7 thoughts on “Dell 30″ monitor down to $1279; the perfect swim goggles

  1. I used to swim between 5 and 10,000 yards per day on our multi year state champion high school swim team. (I was not nearly that good!) All of the top swimmers – including some Olympians – always used these:

    I just broke my last pair that I originally purchased in the late 80’s. I highly recommend them.

  2. Wow, 5 miles a day. I just swum once about 2 kilometers and that was pretty hard, although I ain’t in a bad shape.

    However, the monitor looks perfect to me, i just have to save some money and then i’m going to buy one of that league too. Wish me luck 😛

  3. The part you forgot to mention is that you need a graphics card that may cost more than the monitor!

  4. Wow that monitor looks great. I bought the 24″ 2407 for about $810 shipped and was just thinking if the 3007 is $1,279 + shipping then by X-mas with deals ( I would be that the 30″ 3007 will be in the $1000 category.

  5. I used to be a pretty serious competitive swimmer, too. I always hated the “Swedish” goggles, but certainly knew a lot of people that swear by them. The theory was that without anything flexible, it was your flesh that provided the seal. I suspect this is the kind of thing that works perfectly for some people and is unalloyed misery for others. I personally have used the basic speedo “sprint” goggle for the better part of 20 years. It’s true, the foam eventually breaks down and sometimes leaks, but it’s not too bad, and often the seal is perfect and comfortable. I like the fact that they’re low profile and I’m not going to have them pull off when I push off the end. (meaning I can keep the strap pulled less snugly)
    For the losing weight to be an instructor in the R22 here’s an everybody-wins solution to the vexing problem:
    1. Recruit female flight students in the 90-110 lbs. range.
    2. Explain to these women that lightweight female helicopter pilots have excellent job prospects, as they’ll likely be extremely popular with the rich middle-aged men that generally take up recreational helicopter flying, and they’ll do well with other employers as well.
    3. Wealthy middle-aged men, petite women with a sense of adventure, expensive hardware, lots of gasoline, it’ll be a perpetual-motion machine!

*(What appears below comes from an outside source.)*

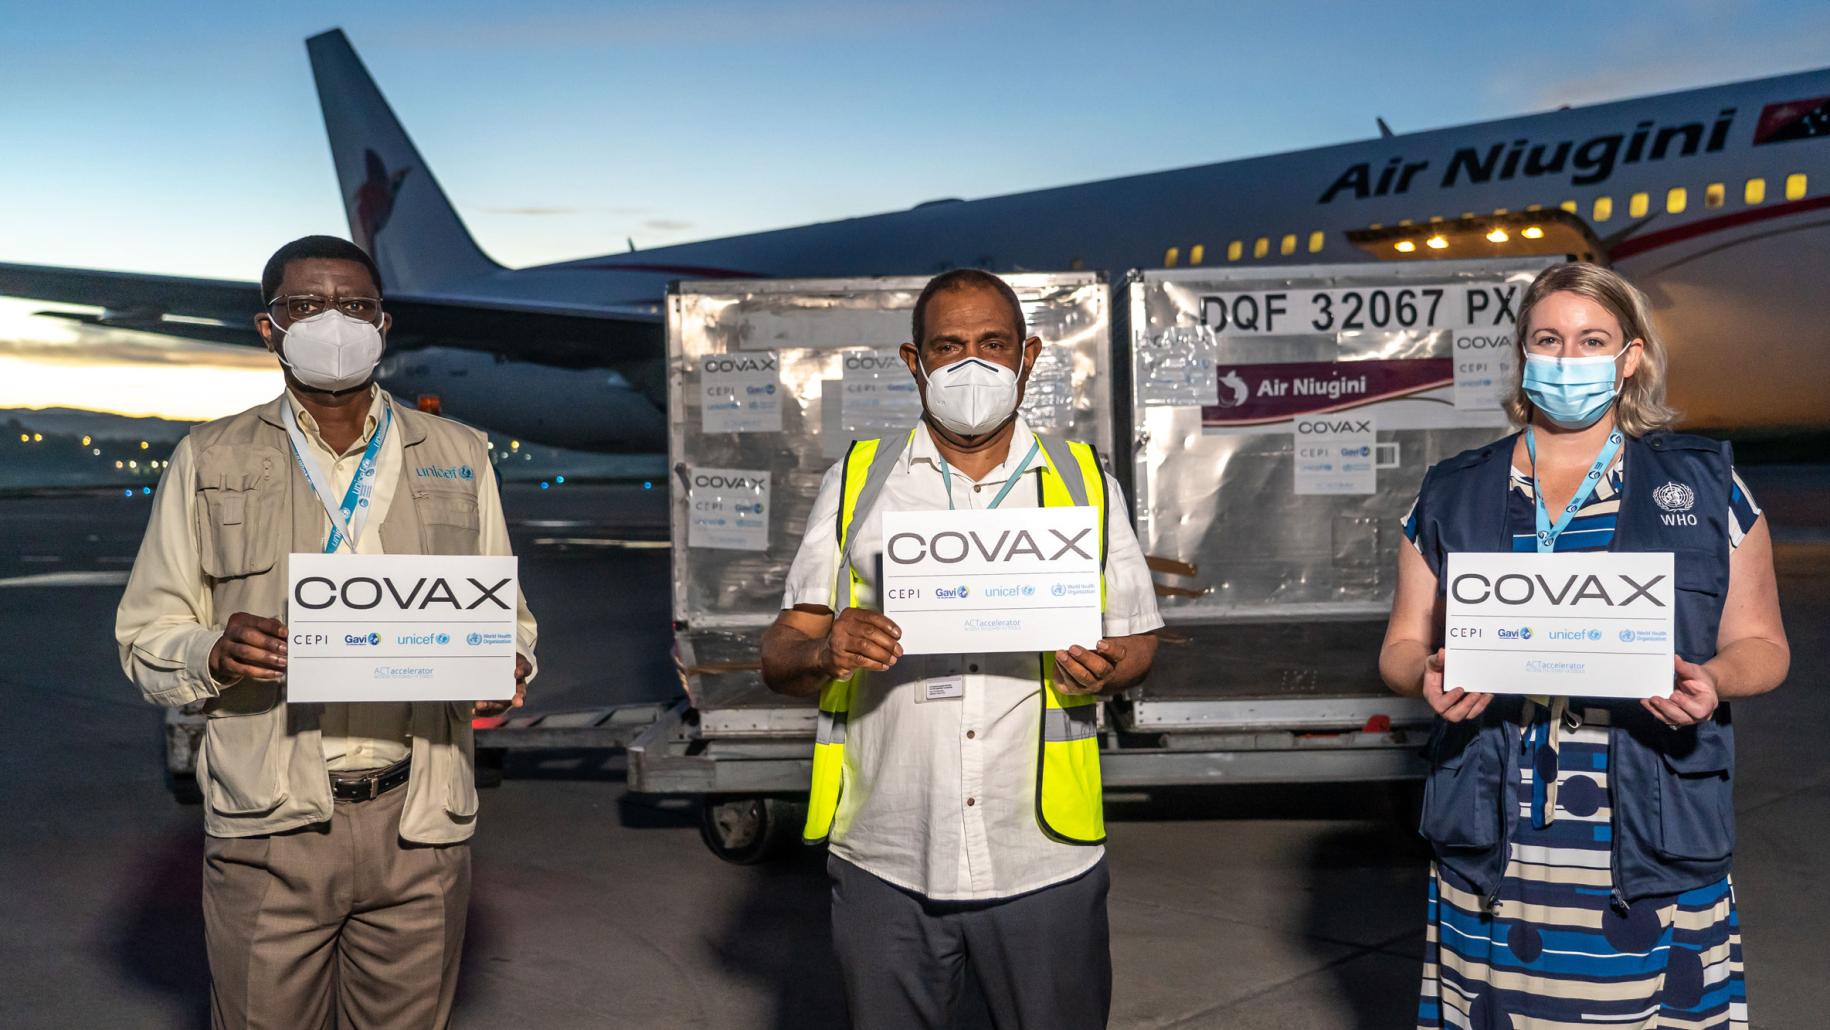 Deux hommes et une femme portant des masques de protection respiratoire et tenant des panneaux de l'initiative COVAX se tiennent debout, face caméra, sur le tarmac d'un aéroport où vient d'atterrir un avion chargé de vaccins anti-COVID-19.

  6. How long does it take you to swim five miles? (By the way, eating less food also works.)

    Swimming goggles don’t “leak.” You just aren’t wearing the right kind for your face. Every goggle design only fits a subset of the population and you need to find the ones that fit you. The test is to press them on your face lightly without using the straps, and if they stay on indefinitely, they fit you. The View line works best for my face.

    There are some goofy types of googles with thick foam gaskets that will fit almost anyone, however.